日本のグラビア界に革命を起こした「イエローキャブ」という帝国──。80年代から多くの人気アイドルを誕生させたが、ついにブランドが崩壊してしまった。30年を超える同社の歴史の中で、華やかなスポットライトに隠された「色香」と「バトル」の事件簿を徹底追跡!

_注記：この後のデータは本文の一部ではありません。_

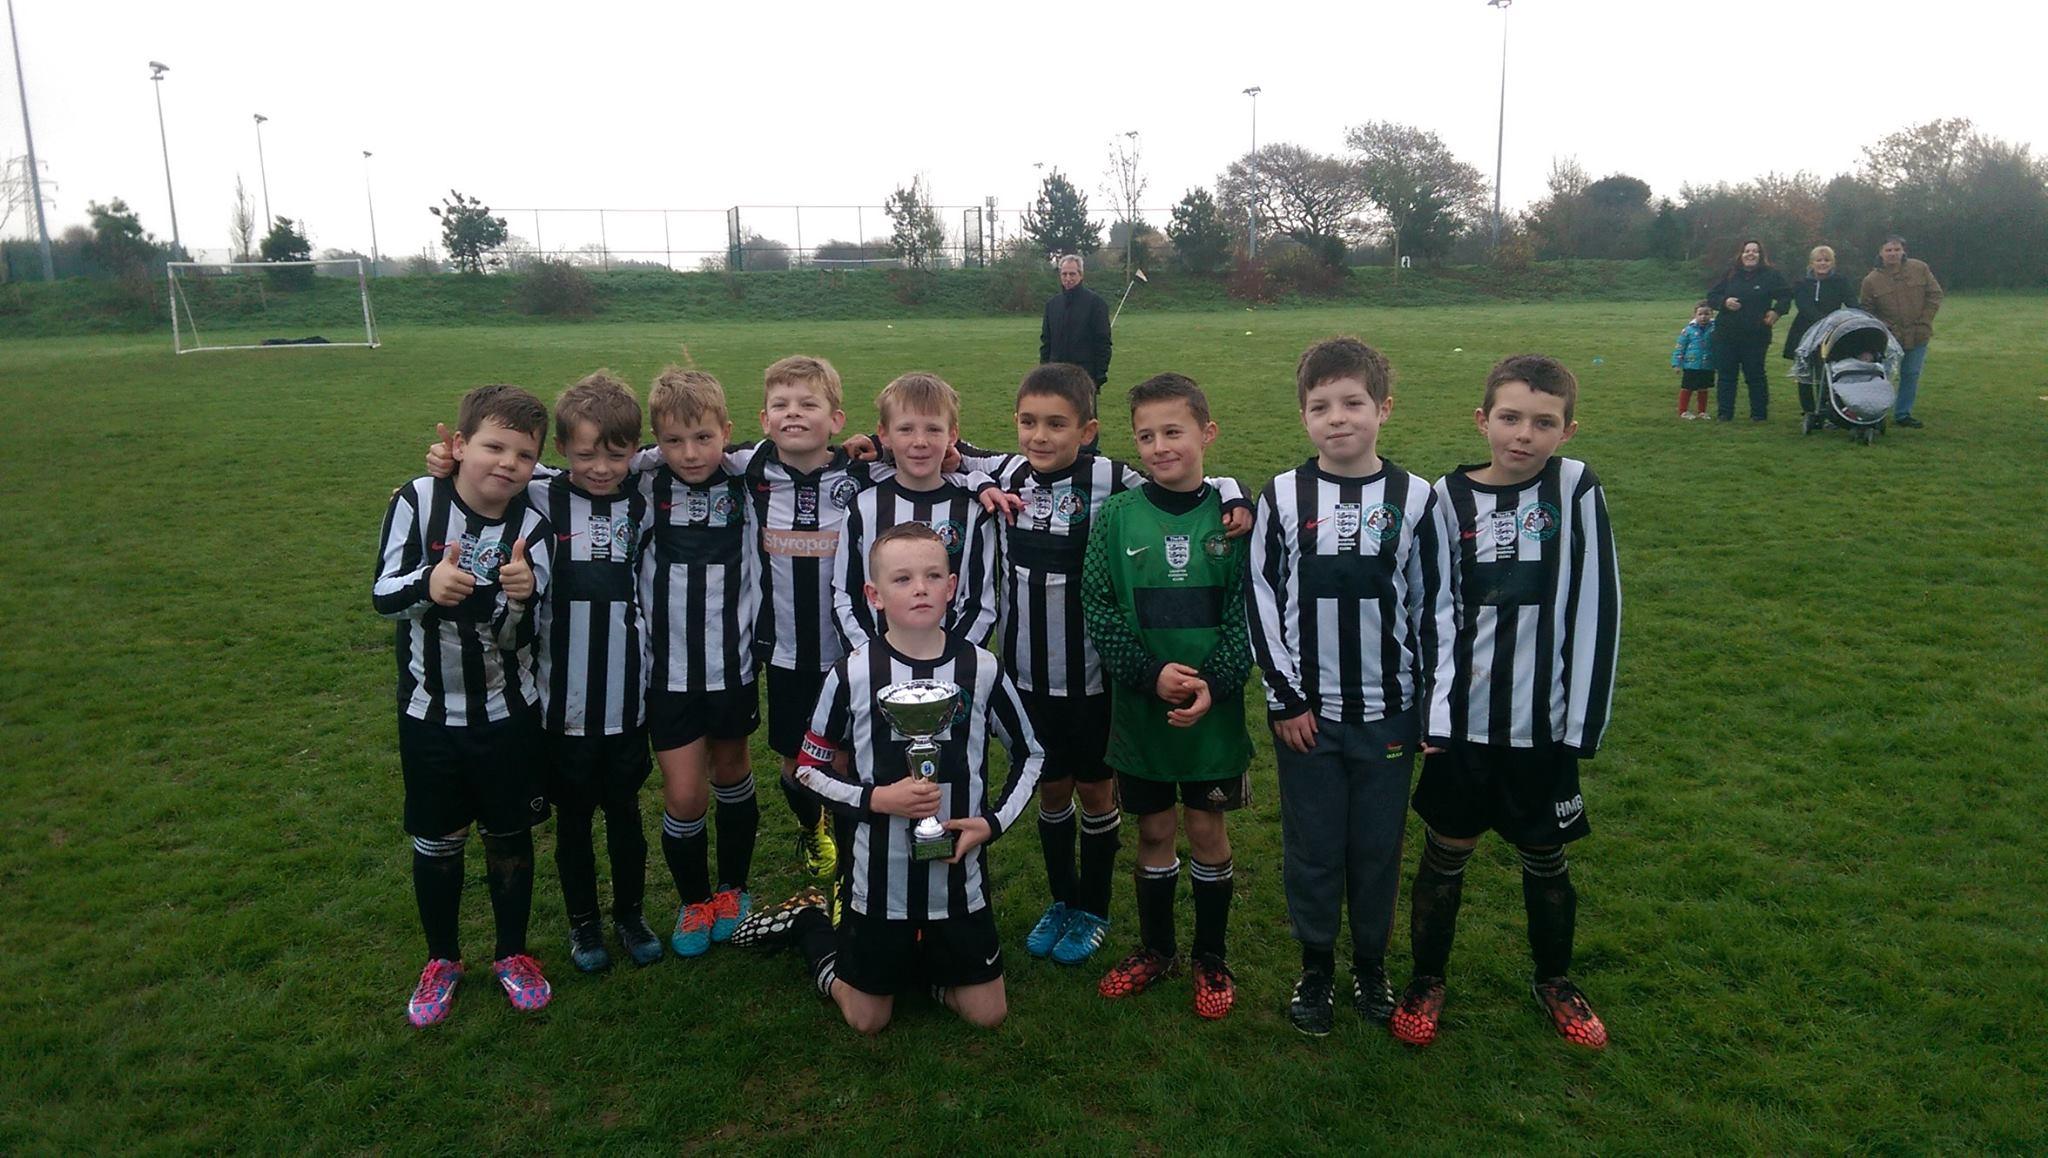 Football Clubs: Rustington Otters Football Club, Rustington, Littlehampton

「僕にとっては過去の話だけど、長く続いた『イエローキャブ』って名前がなくなるのは寂しいですね。もう少し頑張っても‥‥という気持ちはあるけど、今は残念という言葉に尽きます」
言葉少なに語るのは、同社の創業者であり、長らく名物社長として君臨した野田義治氏。04年に代表取締役の座を退いて以降は、新たに「サンズエンタテインメント」の会長として“古巣”を見守ってきた
実際はタレントやスタッフが「イエローキャブ」と「サンズ」の2派に枝分かれした形だが、老舗のほうが約4億円もの負債を抱えて自己破産したのである。折からのグラビア不況に加え、小池栄子(34)=B91・W59・H87=と佐藤江梨子(33)=B88・W58・H88=のほかに“稼げるタレント”が不在だったことが響いたようだ。
同社は故・堀江しのぶ(享年23)=B89・W59・H90=を第1号タレントに、80年に発足(当初は「黒澤プロモーション」名義、88年に改称)。堀江の夭折で危機に陥ったが、89年にかとうれいこ(46)=B86・W58・H84=が、翌90年に細川ふみえ(43)=B94・W59・H87=が相次いでデビューし、世に「巨乳ブーム」を巻き起こした。
そんな「繁栄」の始まりは、同時に「黒歴史」の始まりでもあった。08年、野田氏に密着したノンフィクション「巨乳をビジネスにした男」を上梓した作家・大下英治氏が言う。
「かとうは売れっ子になってからはグラビアの仕事に身が入らなくなった。いや、せっかく女優業にも進出したのに、副社長が『セリフは現場入りするまでに覚えておくように』と言っても守らなかったんです」
ついには野田社長が業を煮やし、香港で写真集を撮影中に「お前はクビだ!」とどなったこともある。もっとも、堀江亡きあとの功労者であるかとうを切るはずもなく、逆に「望む仕事」を与えた。それが歌手活動だったのだが──。
「01年にゴルファーの横尾要と結婚して引退するまでに、シングル、アルバム合わせて20枚ほどのCDをリリース。ところが、その全てが赤字でした」(大下氏)
かとうに比べ、どんなポーズの要求にも笑顔で応えていたのが細川ふみえだった。あまりにも面積が小さい「眼帯ブラ」を身につけた時の衝撃は、グラビア界に語り継がれている。かつて同社に在籍した元スタッフが言う。
「細川は自分でも公言していますが、デビュー前に五反田のキャバクラで働いていたところを、野田社長に見いだされた恩義がある。そのため、スケジュールが厳しくても、笑顔でこなしていたんです」
週刊アサヒ芸能に登場する機会も多かったが、会えばスタッフの誰もがファンになった。そんなフーミンが一変したのは97年、大道芸人のブライアン・ホルスと出会ったことだった。
「それまでのフーミンは堅実で、すでにマンションも購入していましたが、彼と出会ってからは“洗脳”の状態。フーミンの仕事に口を出すだけじゃなく、自分もテレビに出せと言いだしました。結局、貯金を切り崩すしかなくなっていった」(イエローキャブ元スタッフ)
ブライアンとの婚約は解消したが、以降も「妻帯者と結婚し、夫の破産により離婚」と、いわゆる“だめんず”状態が続いている。